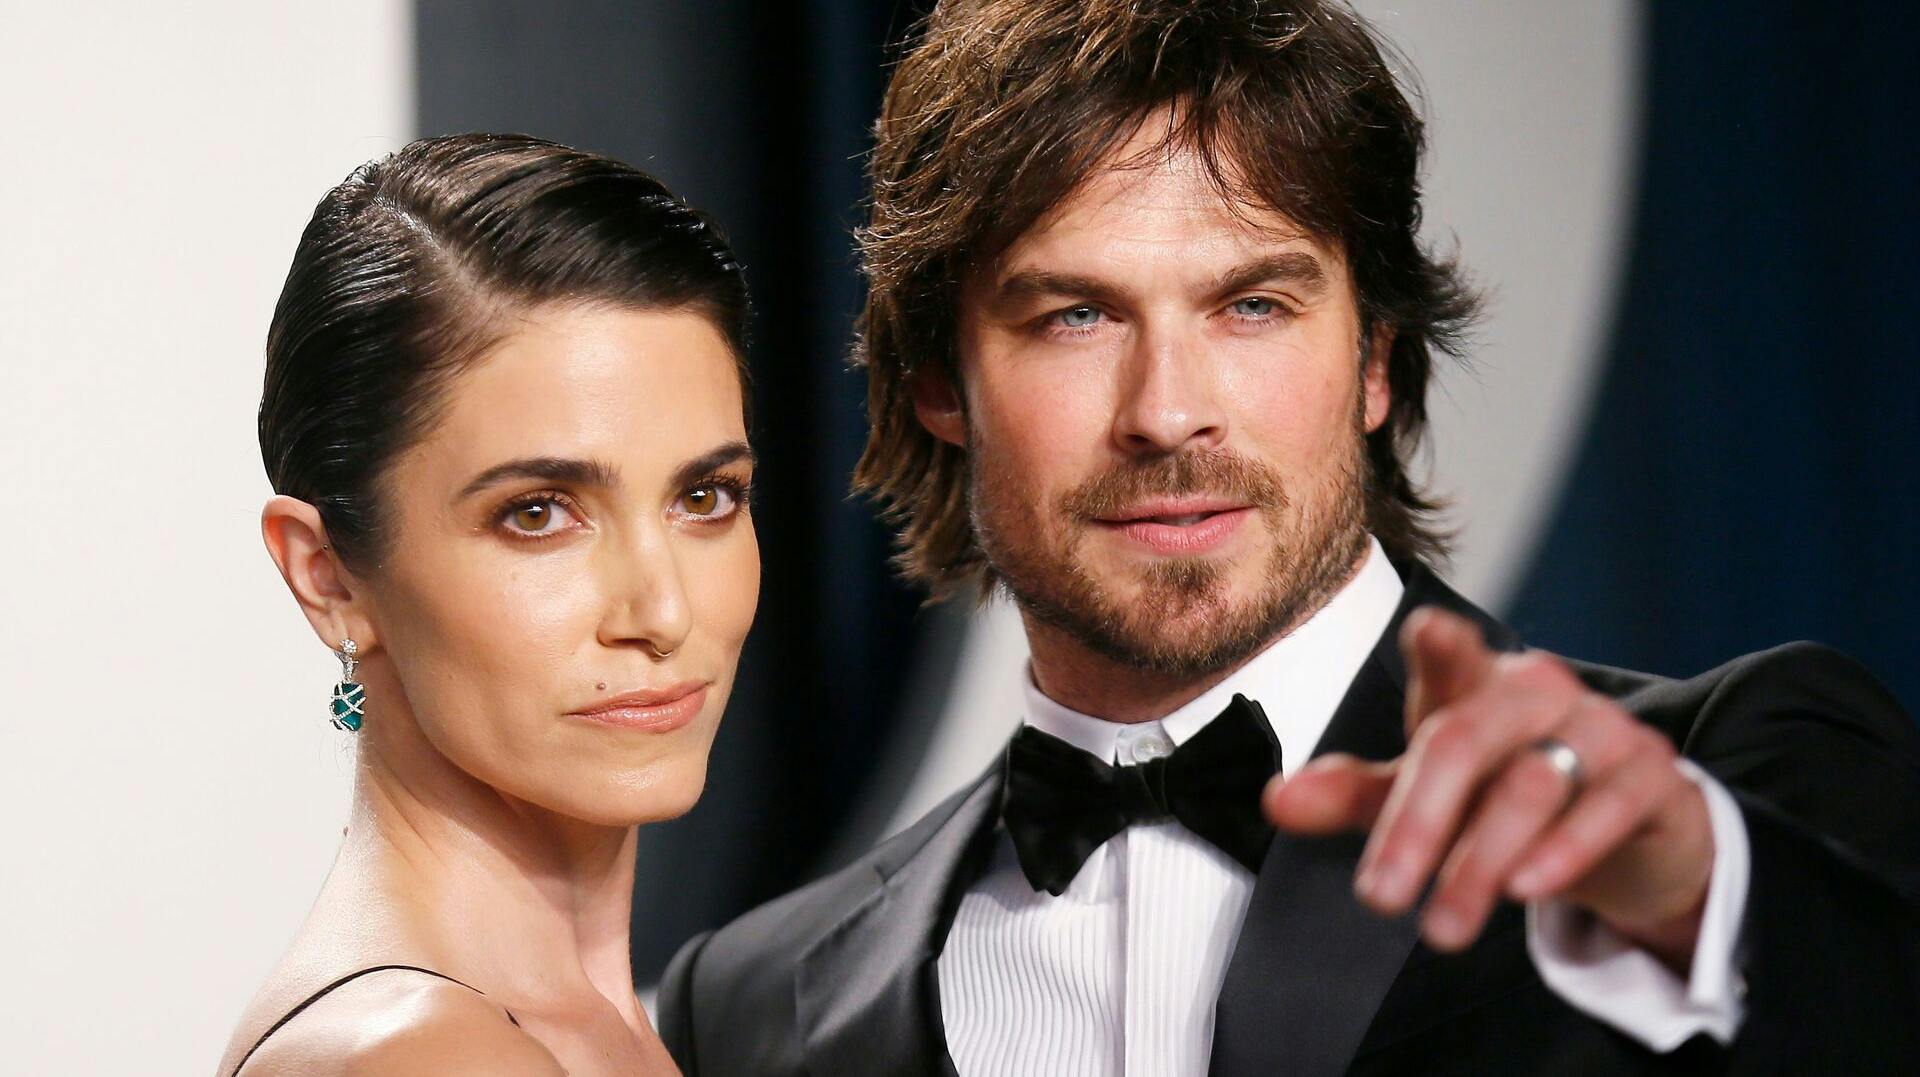 Nikki Reed and Ian Somerhalder attend the Vanity Fair Oscar party in Beverly Hills during the 92nd Academy Awards, in Los Angeles, California, U.S., February 9, 2020. REUTERS/Danny Moloshok
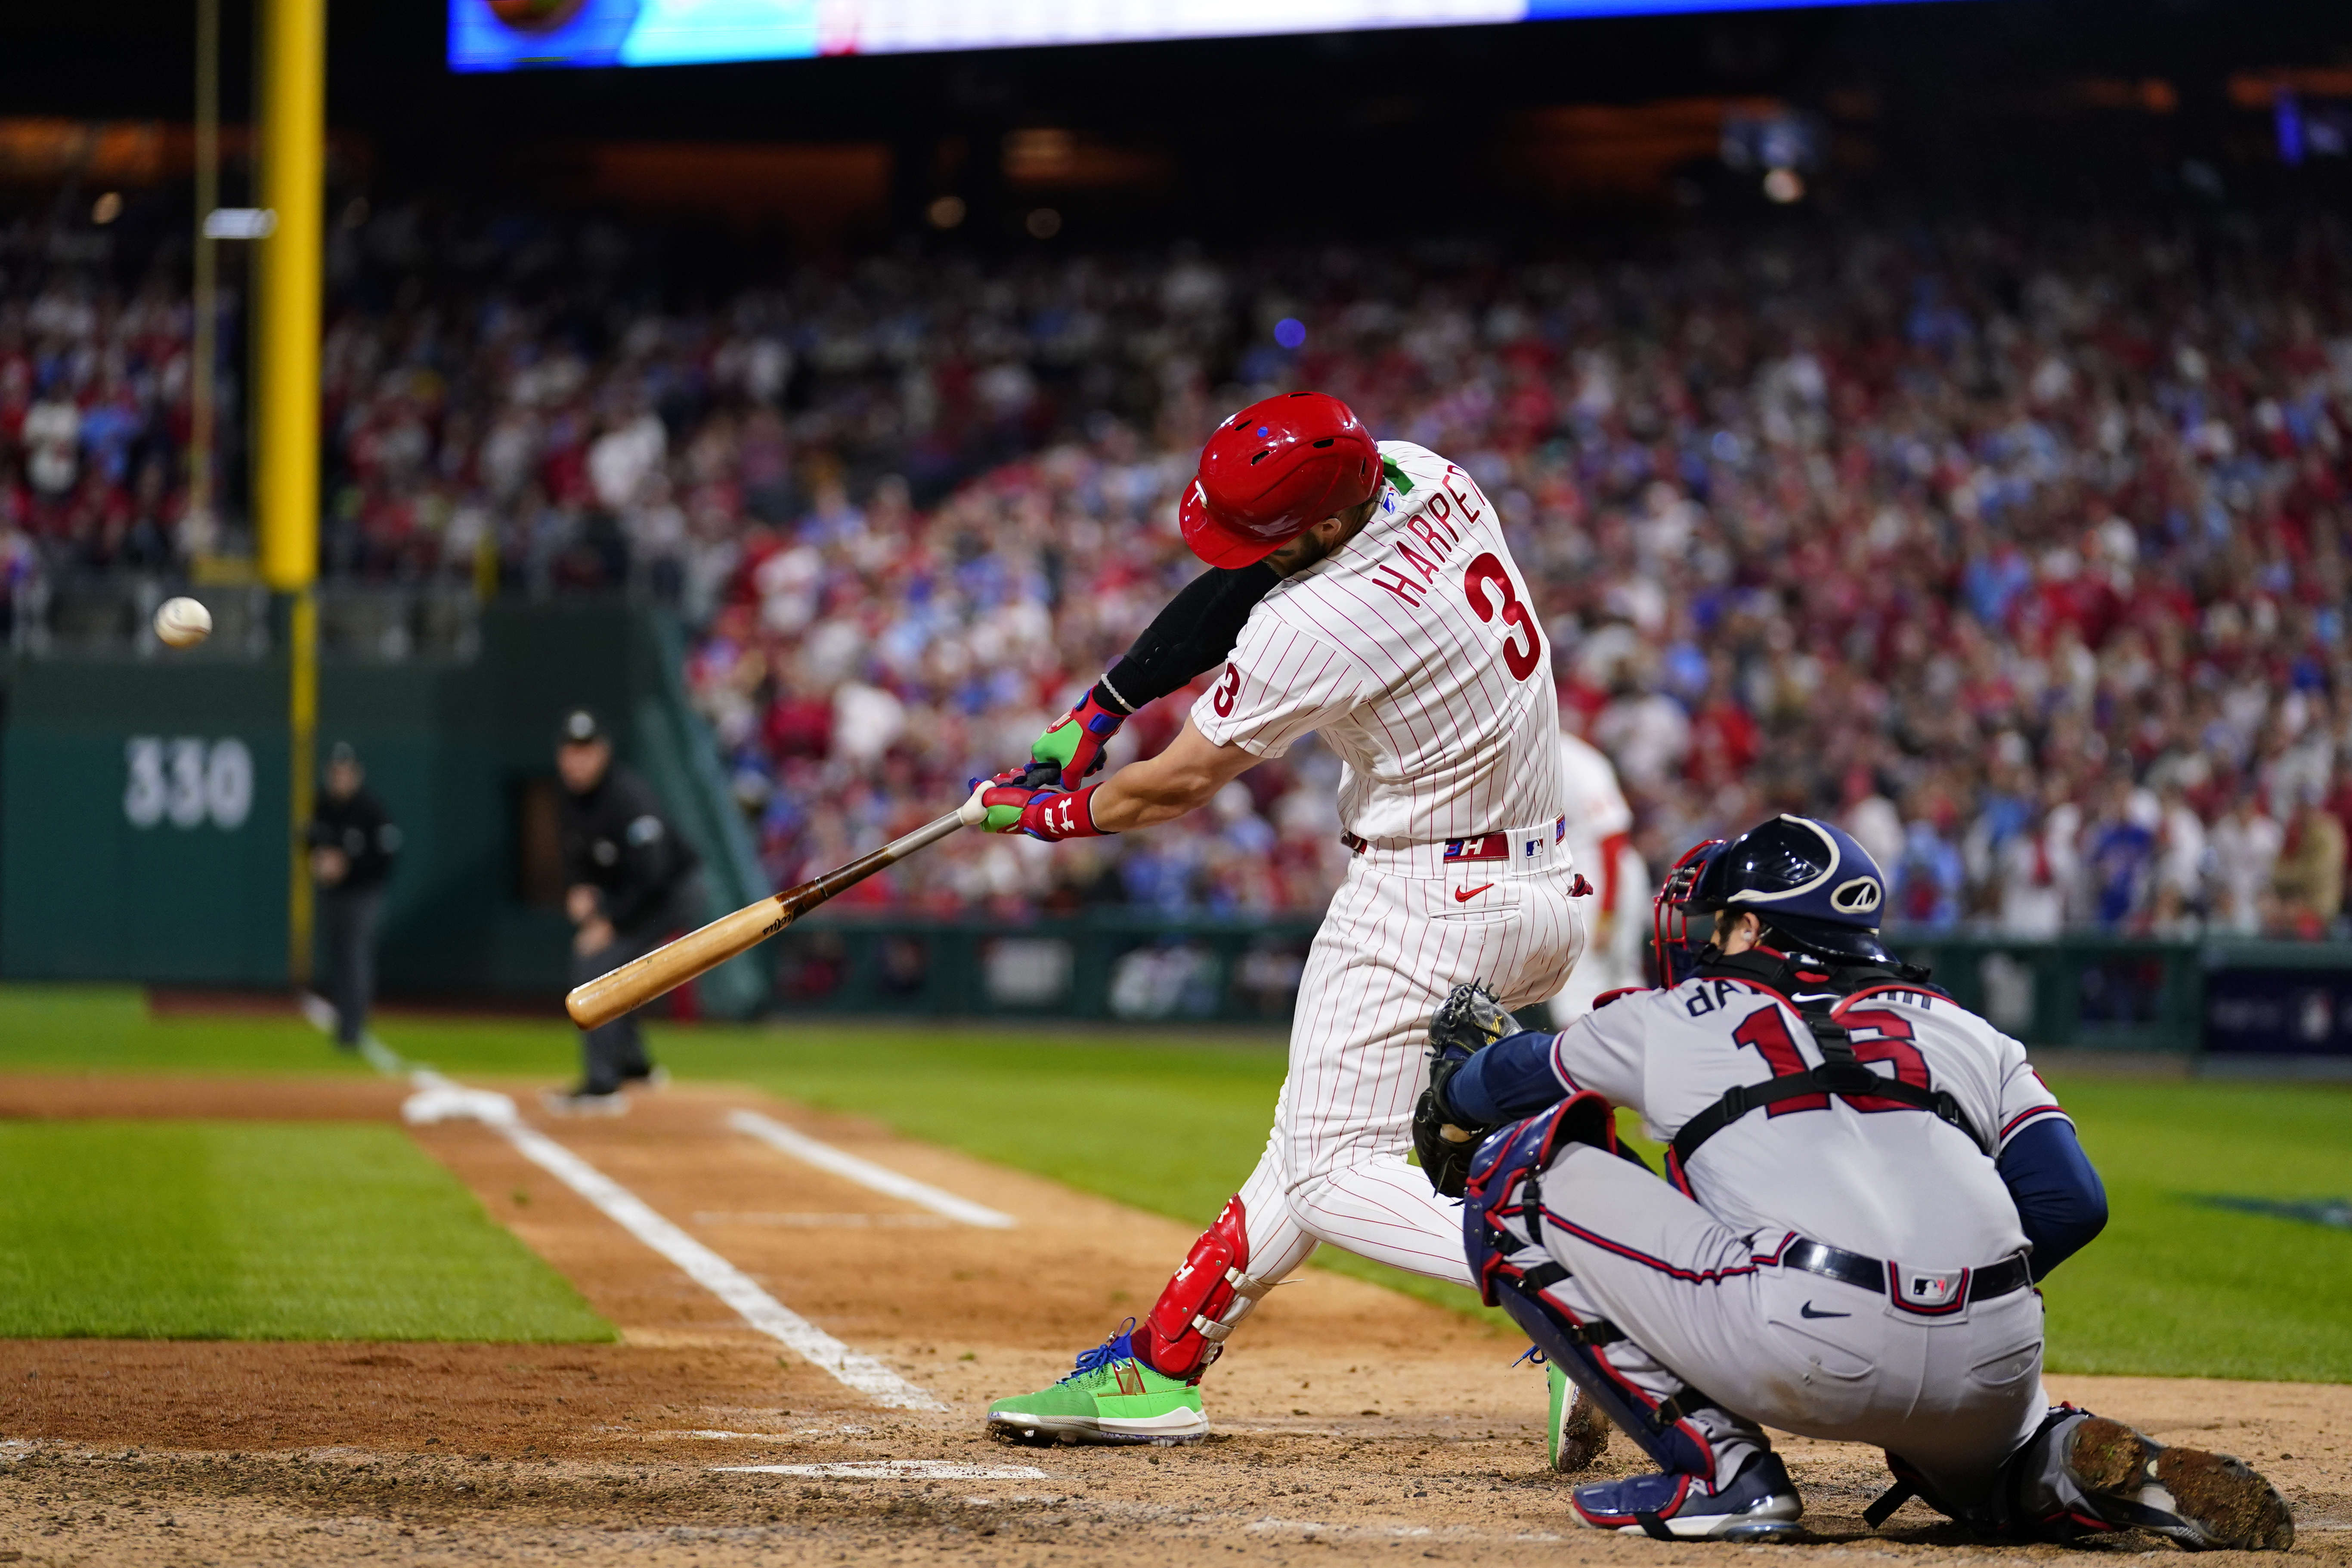 Phillies fans triggered noise notification warnings during Game 4 of the  NLDS
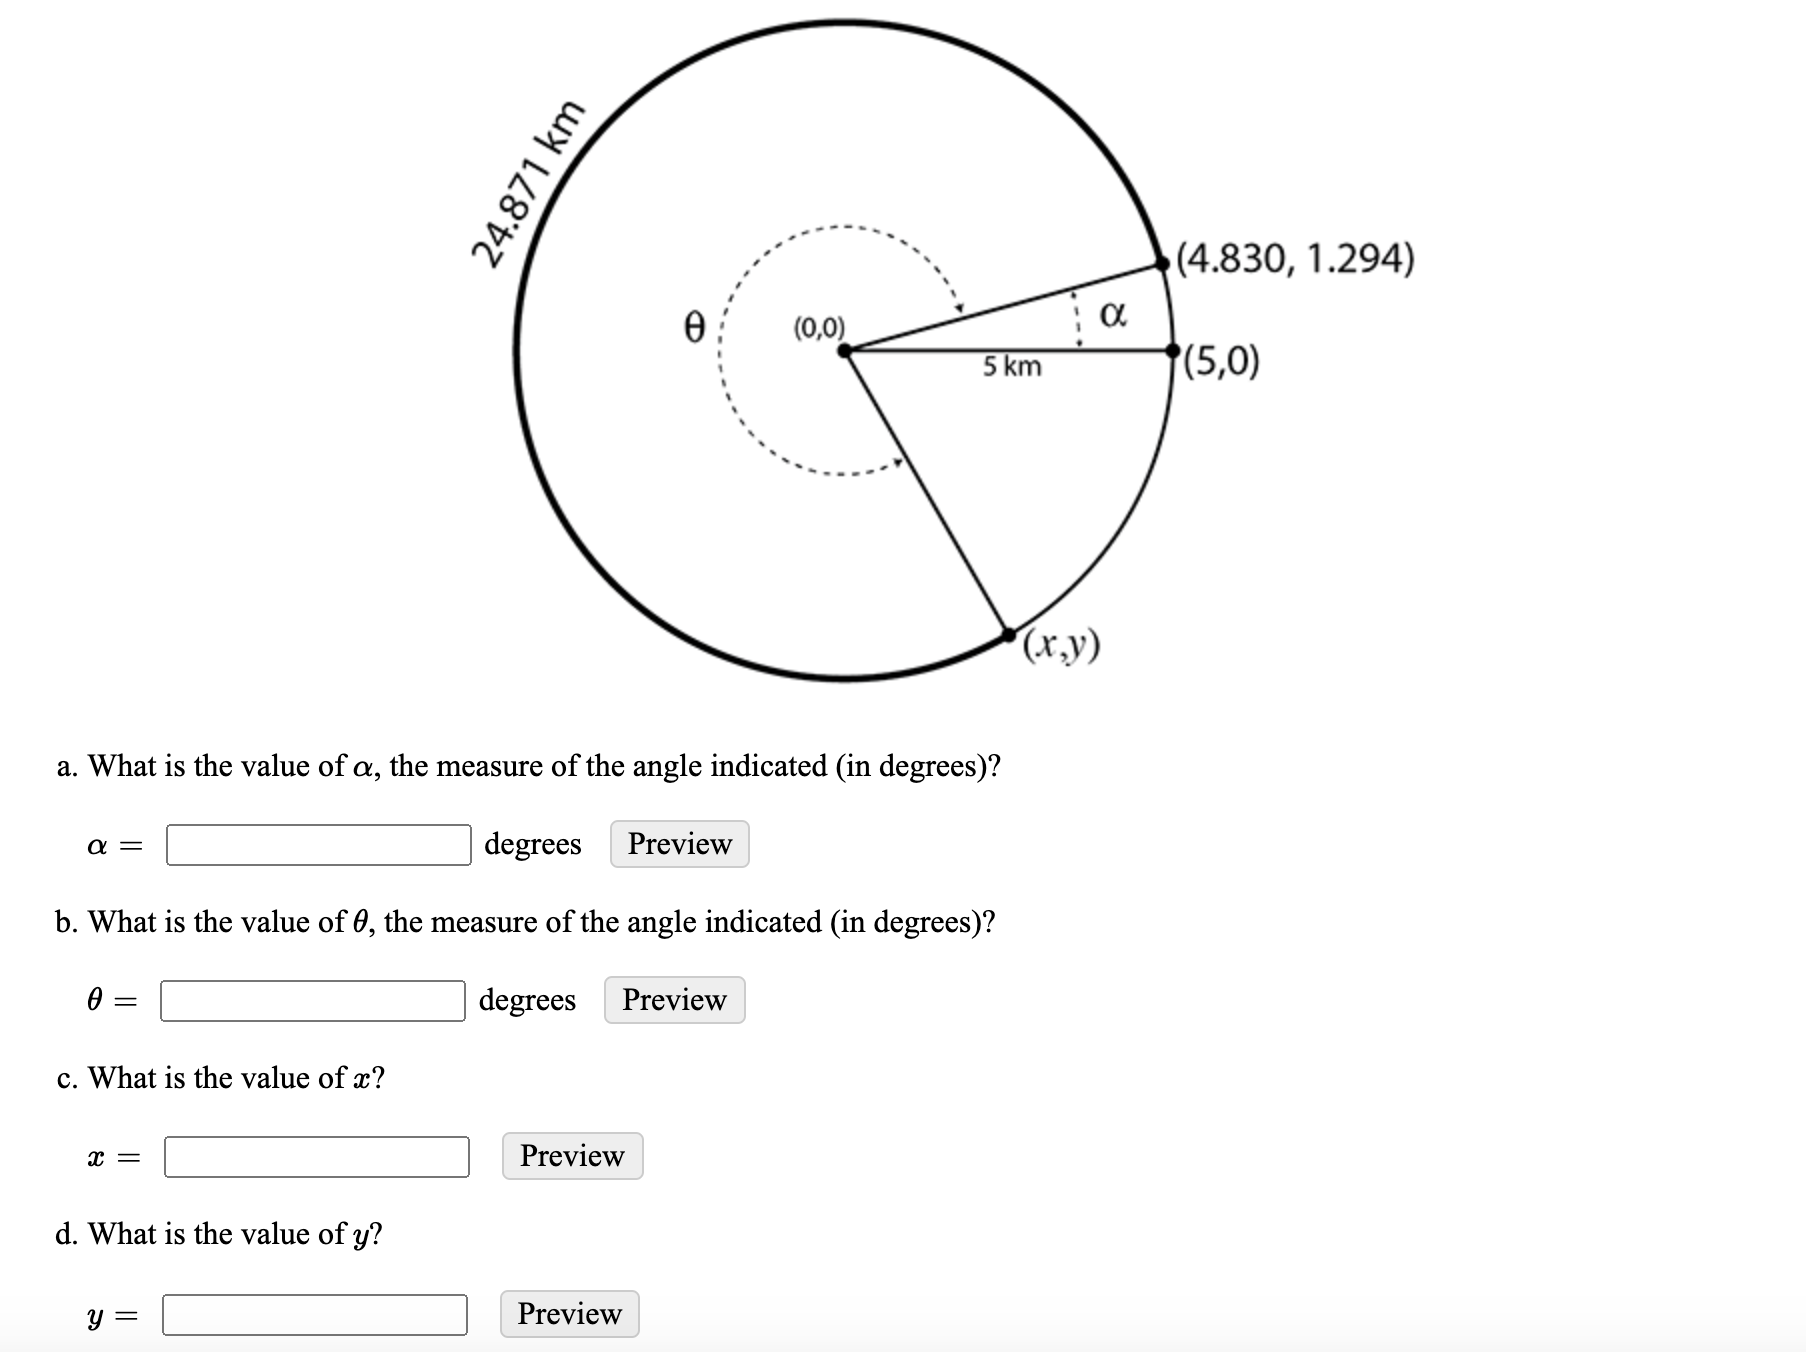 ### Understanding Angles and Coordinates in a Circular Diagram

#### Diagram Description
The diagram provided is of a circle with a radius of 24.871 km. The center of the circle is at the origin (0,0). A line segment from the center of the circle (0,0) to a point on the circle creates an angle \( \theta \). 

Another line segment extends from (0,0) to the point (5,0) which is on the horizontal axis. A third line extends from (0,0) to the point (4.830, 1.294), creating the angle \( \alpha \) between the horizontal line (5,0) and the point (4.830, 1.294). Additionally, a line from the center to the unknown point (x,y) is indicated with a question on its coordinates.

#### Questions
Below the diagram, there are several questions related to the angles and coordinates:

a. What is the value of \( \alpha \), the measure of the angle indicated (in degrees)?
\[ \alpha = \ \text{_________ degrees} \]

b. What is the value of \( \theta \), the measure of the angle indicated (in degrees)?
\[ \theta = \ \text{_________ degrees} \]

c. What is the value of \( x \)?
\[ x = \ \text{_________} \]

d. What is the value of \( y \)?
\[ y = \ \text{_________} \]

### Explanation
- The radius of the circle is explicitly mentioned as 24.871 km, which will help in determining the coordinates \( (x,y) \).
- The provided coordinates (4.830, 1.294) and (5,0) are essential for calculating \( \alpha \).
- The angle \( \theta \) is dependent on the relationship between the radius and the coordinates provided.

To solve these problems, use the trigonometric relationships and the circle's equation \( x^2 + y^2 = r^2 \) where \( r \) is the radius.

**Note:** For exact numerical calculations, consider using appropriate trigonometric functions and equations.

### Tasks
1. Calculate angle \( \alpha \).
2. Calculate angle \( \theta \).
3. Determine the x-coordinate.
4. Determine the y-coordinate.

For accurate calculation, students will need to apply the concepts of
-=-=-
Wherever the string "trigonometric" occurs in the entries, copy that whole line.

To solve these problems, use the trigonometric relationships and the circle's equation \( x^2 + y^2 = r^2 \) where \( r \) is the radius.
**Note:** For exact numerical calculations, consider using appropriate trigonometric functions and equations.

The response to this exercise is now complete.